= Financial Services Act 2010 =

The Financial Services Act 2010 (c. 28) is an Act of the Parliament of the United Kingdom which regulates bonuses paid to employees of banks.

It was announced on 27 September 2009 by Prime Minister Gordon Brown on The Andrew Marr Show on BBC One. Brown said that the new law would be included in the next Queen's speech and was the result of talks at the G20 summit in Pittsburgh where other countries were looking at similar action. He also said that the Act's purpose would be to ensure that bankers after the global economic crisis do not go back to "business as usual".

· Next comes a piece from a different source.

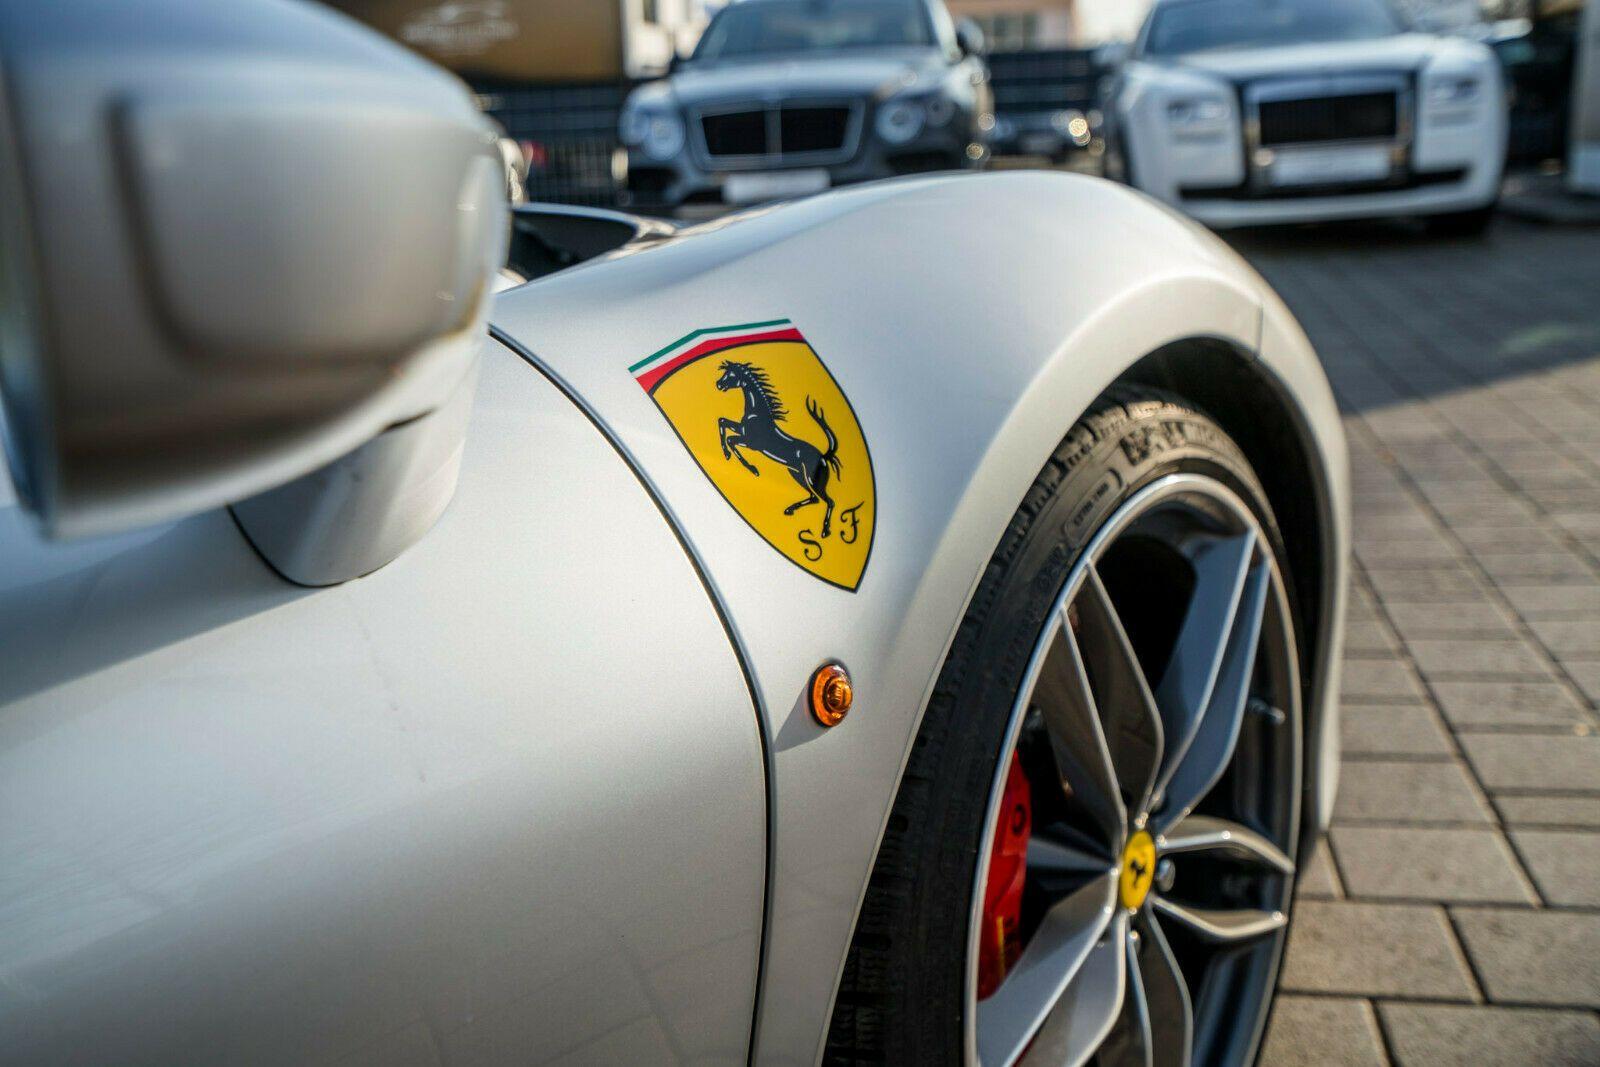 Ferrari 488 Spider Luxury Pulse Cars Germany For Sale On Luxurypulse Ferrari 488 Superauto Rennstreifen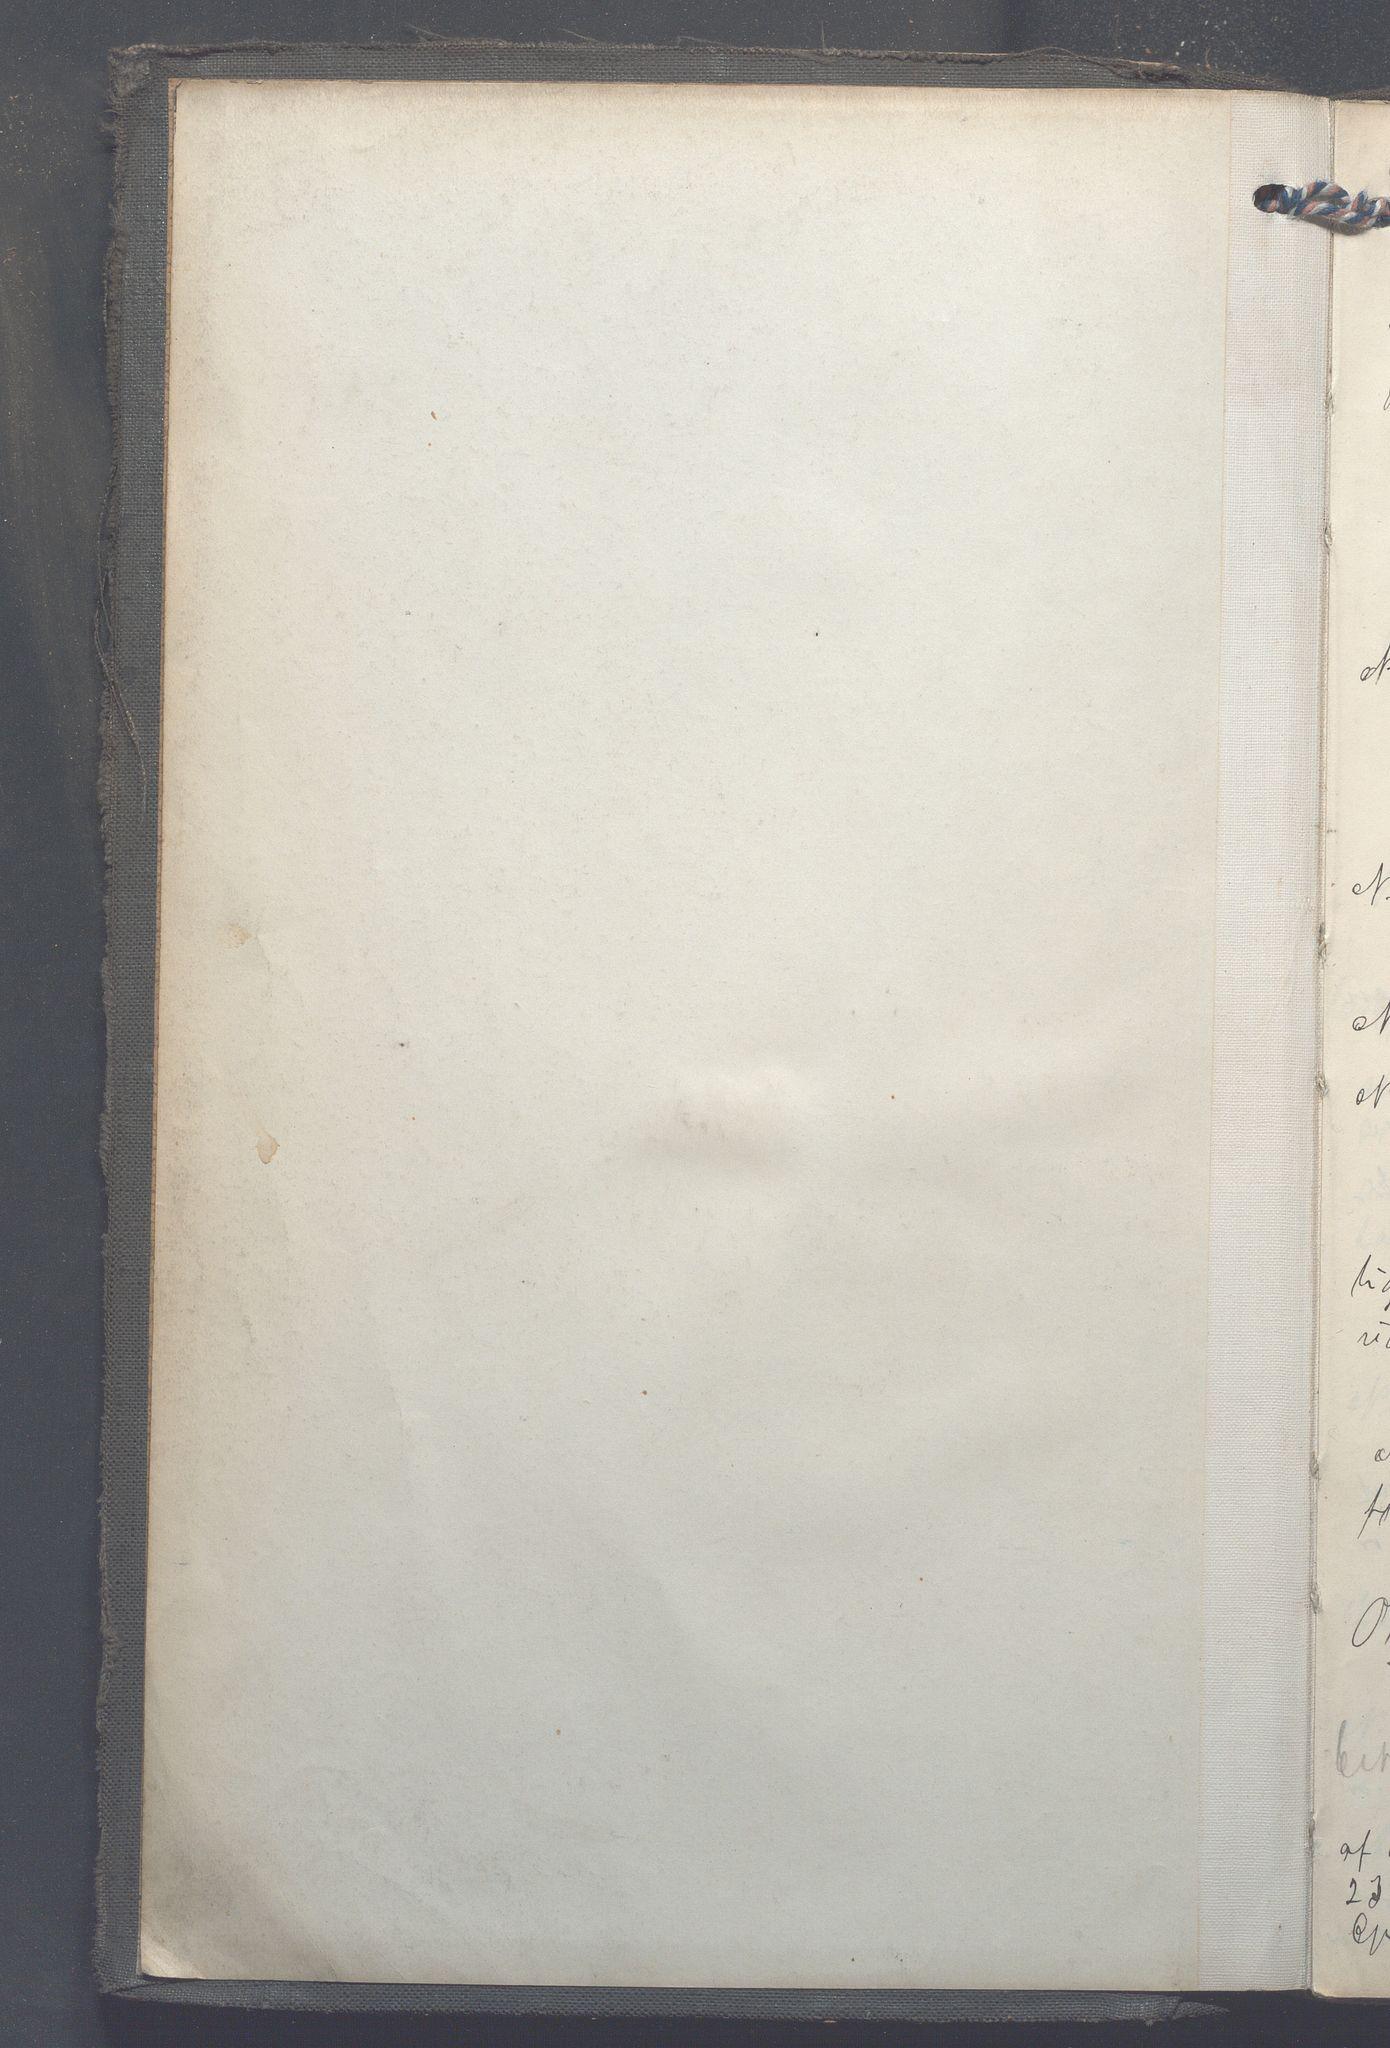 OBA, Lensmennene i Aker, F/Fa/L0012: Branntakstprotokoll, 1904-1910

The overall purpose of the Act is "to improve levels of confidence in the banking sector by limiting its losses and by supporting its economic revival.

The Act received Royal assent on 8 April 2010." It came into effect on 8 June 2010.

The Act was called in 2010 "a milestone with regard to the regulation of the financial sector in the UK."

==Provisions==
The Act has amongst its several provisions:
1. to require rules for remuneration of "authorised persons," (Para. 11)
2. to include penalties for banks that do not follow a set of standards for methods of remuneration, and a "resolution plan," (Para. 12, 14)
3. to prohibit or to "require disclosure of," Short selling. (Para. 13)

In particular, the remuneration provisions are designed to reduce systemic risk, or "risk culture".